# Input data
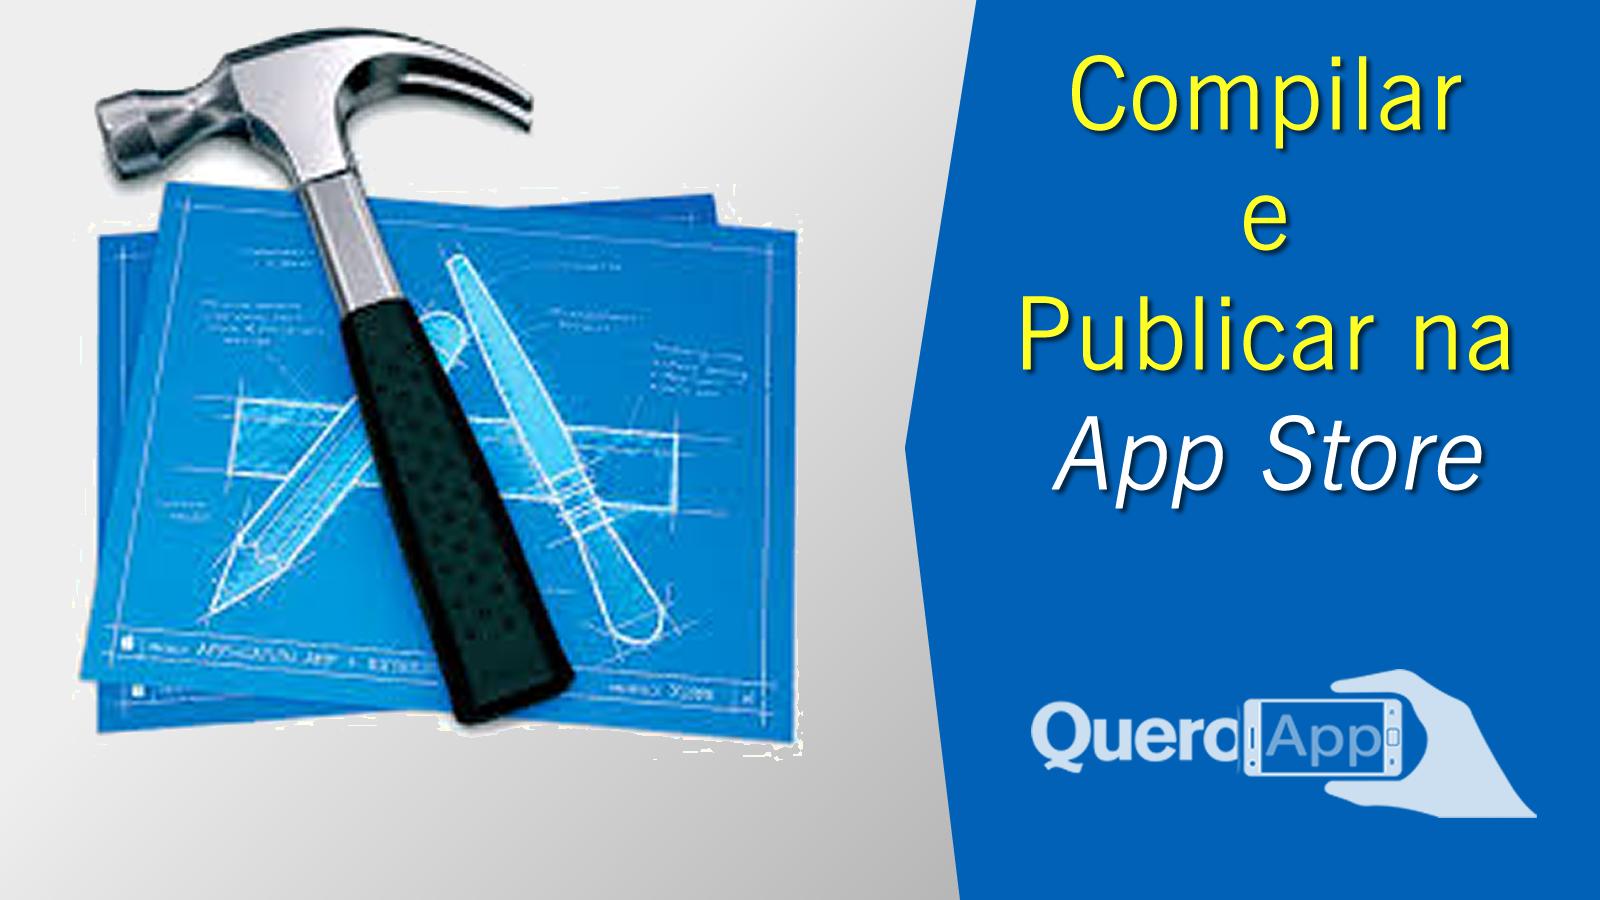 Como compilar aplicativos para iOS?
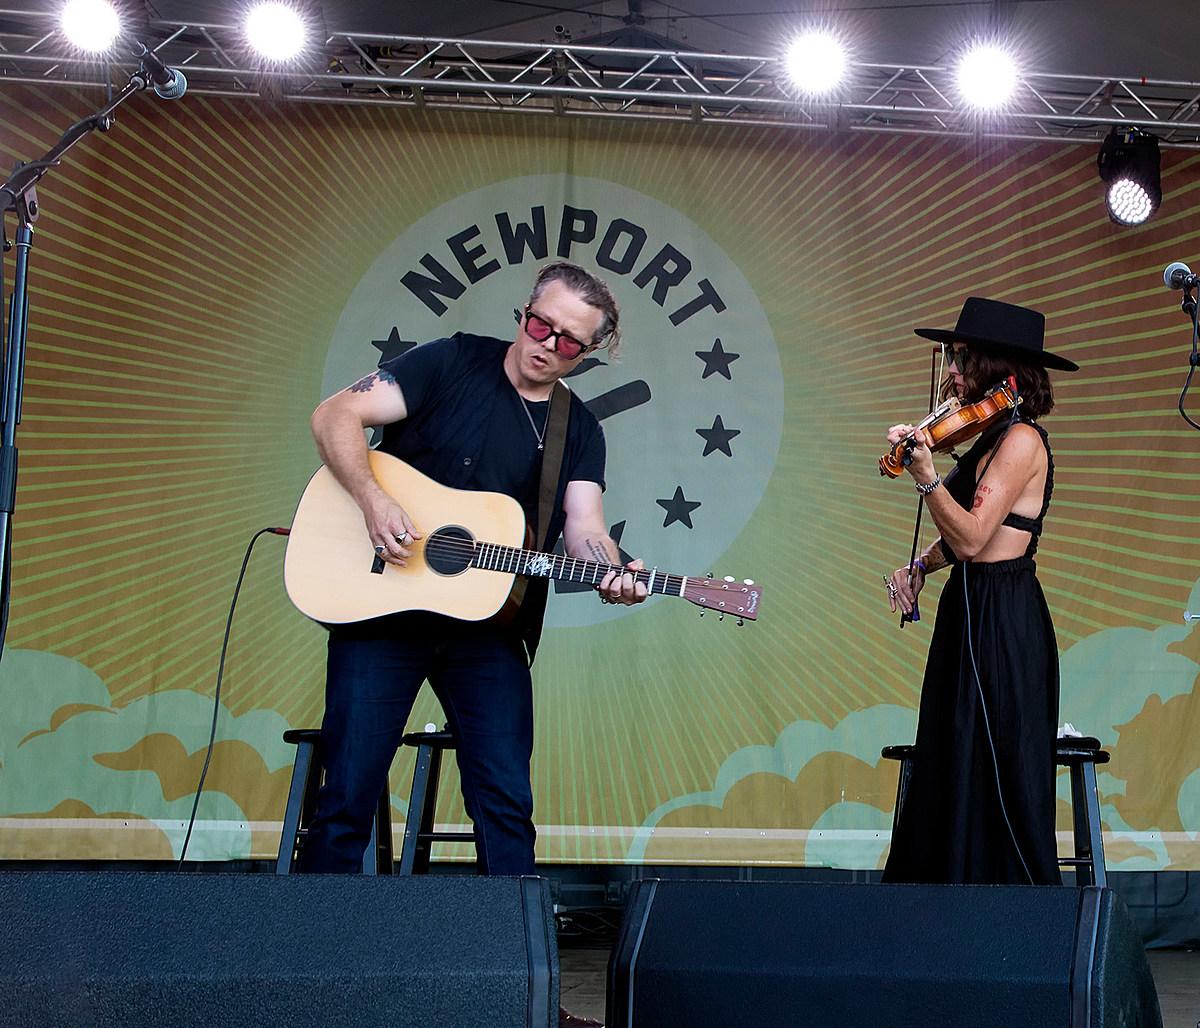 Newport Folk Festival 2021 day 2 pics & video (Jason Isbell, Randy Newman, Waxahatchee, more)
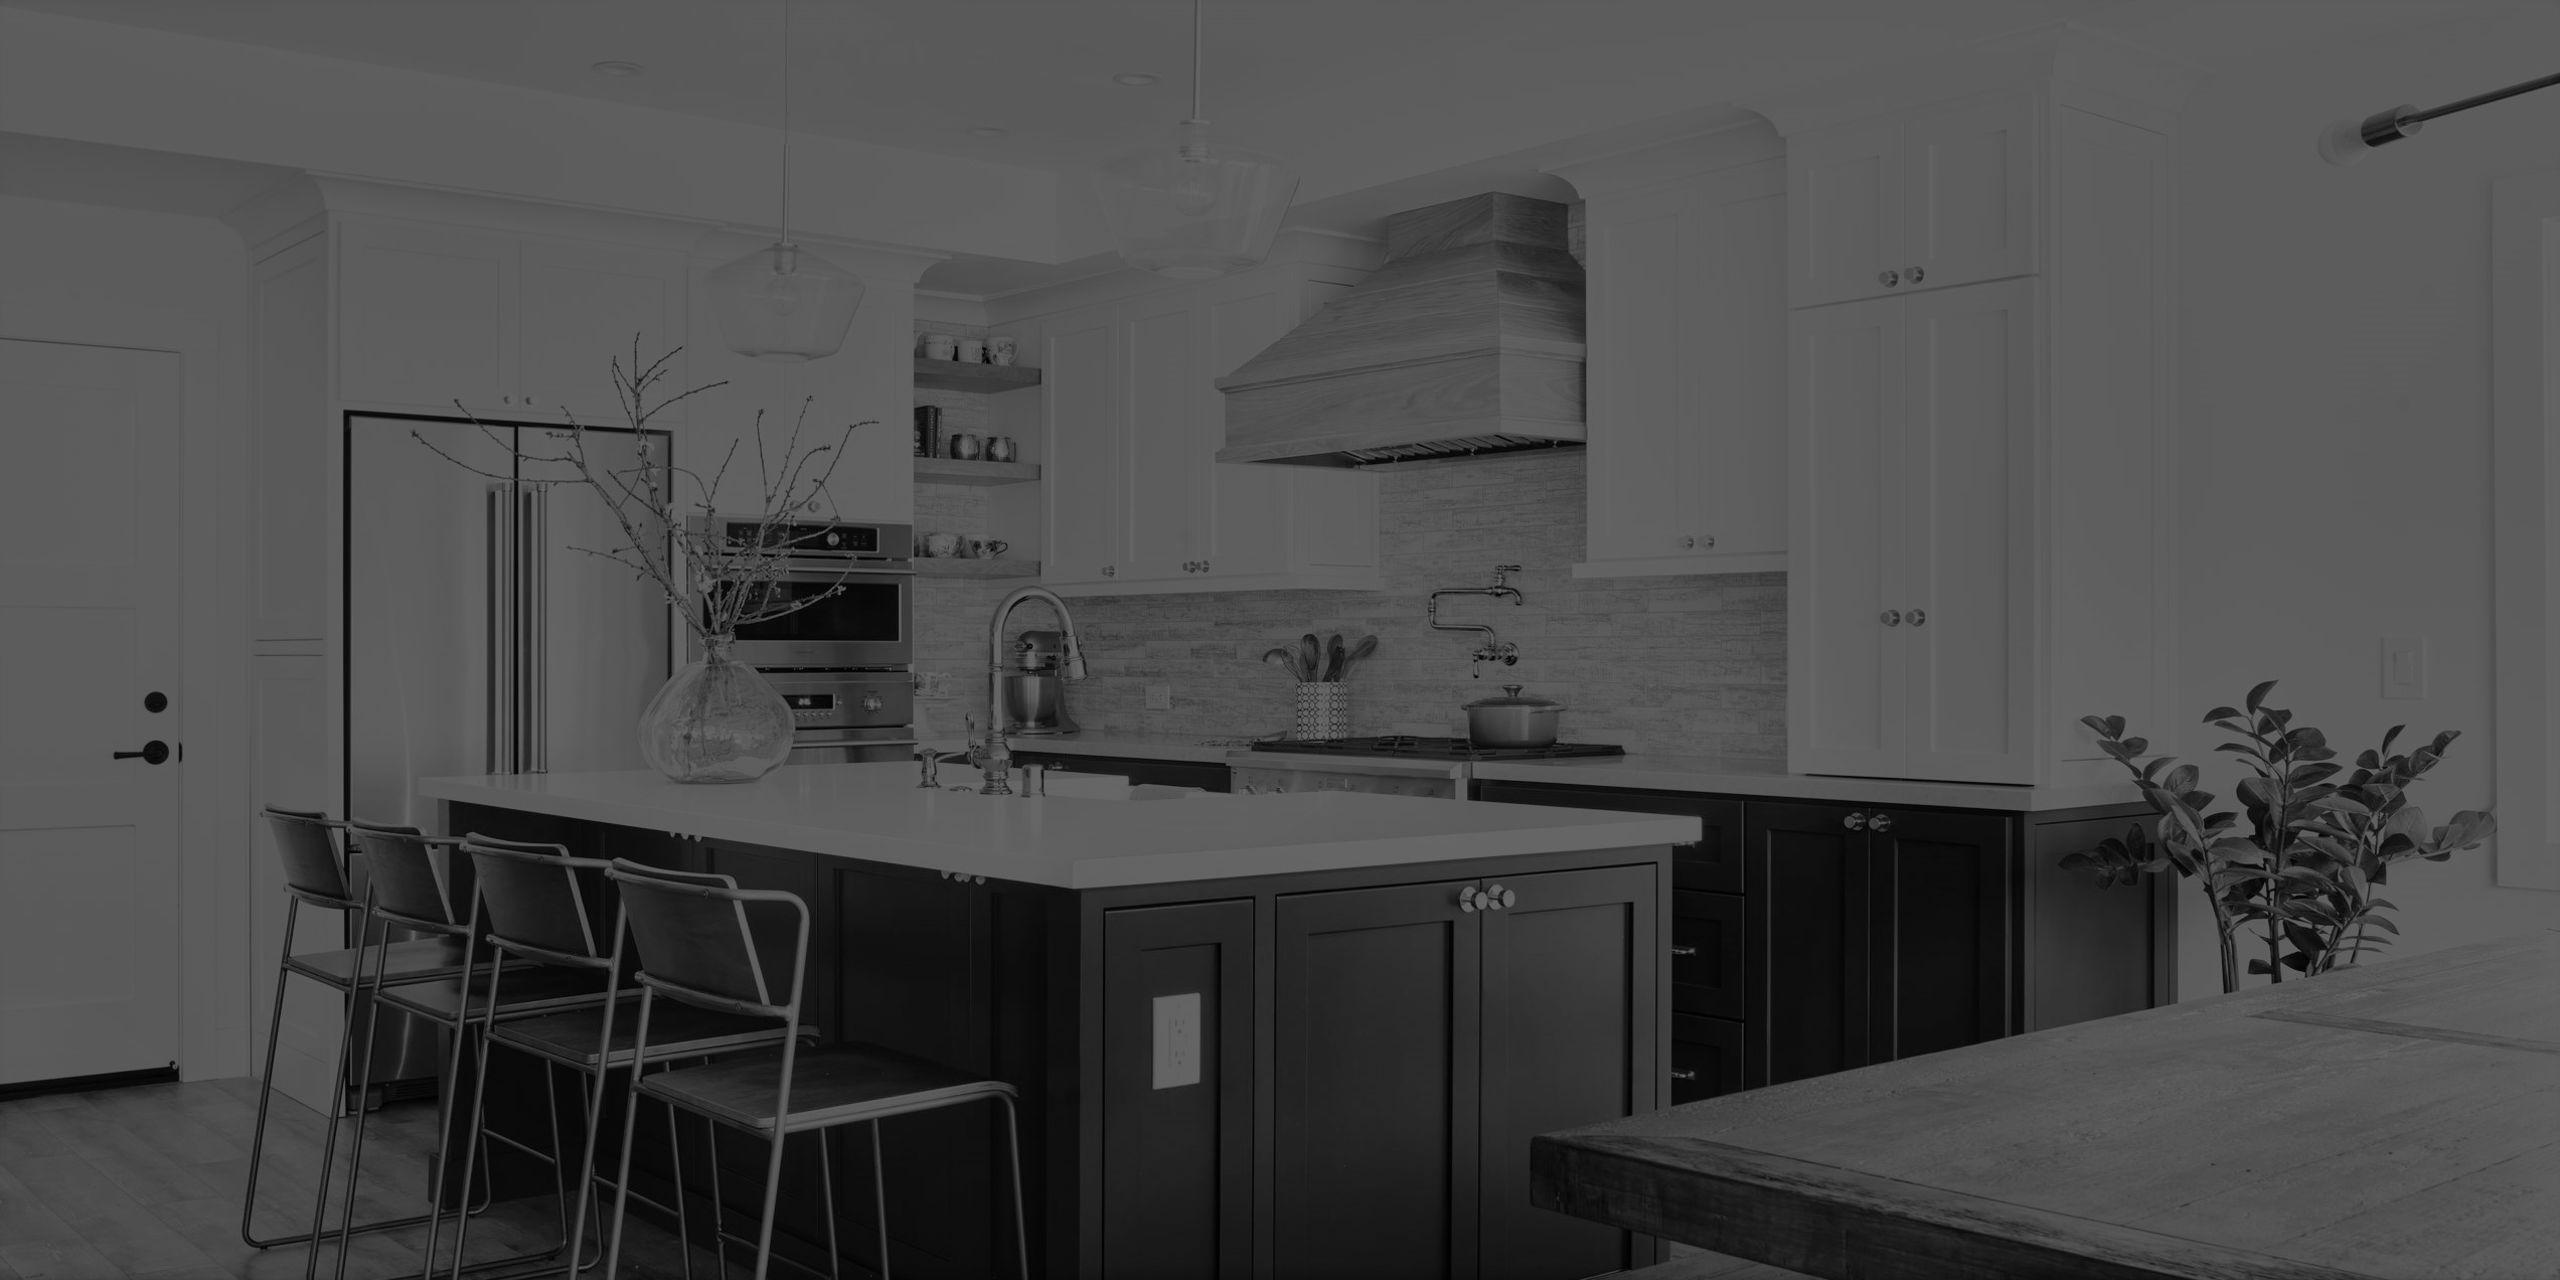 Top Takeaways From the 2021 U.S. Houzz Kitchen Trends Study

# Task prompt
Return all of the material precisely as written. No picture belongs in it.

# Written answer
 Como compilar aplicativos para iOS?
 Newport Folk Festival 2021 day 2 pics & video (Jason Isbell, Randy Newman, Waxahatchee, more)
 Top Takeaways From the 2021 U.S. Houzz Kitchen Trends Study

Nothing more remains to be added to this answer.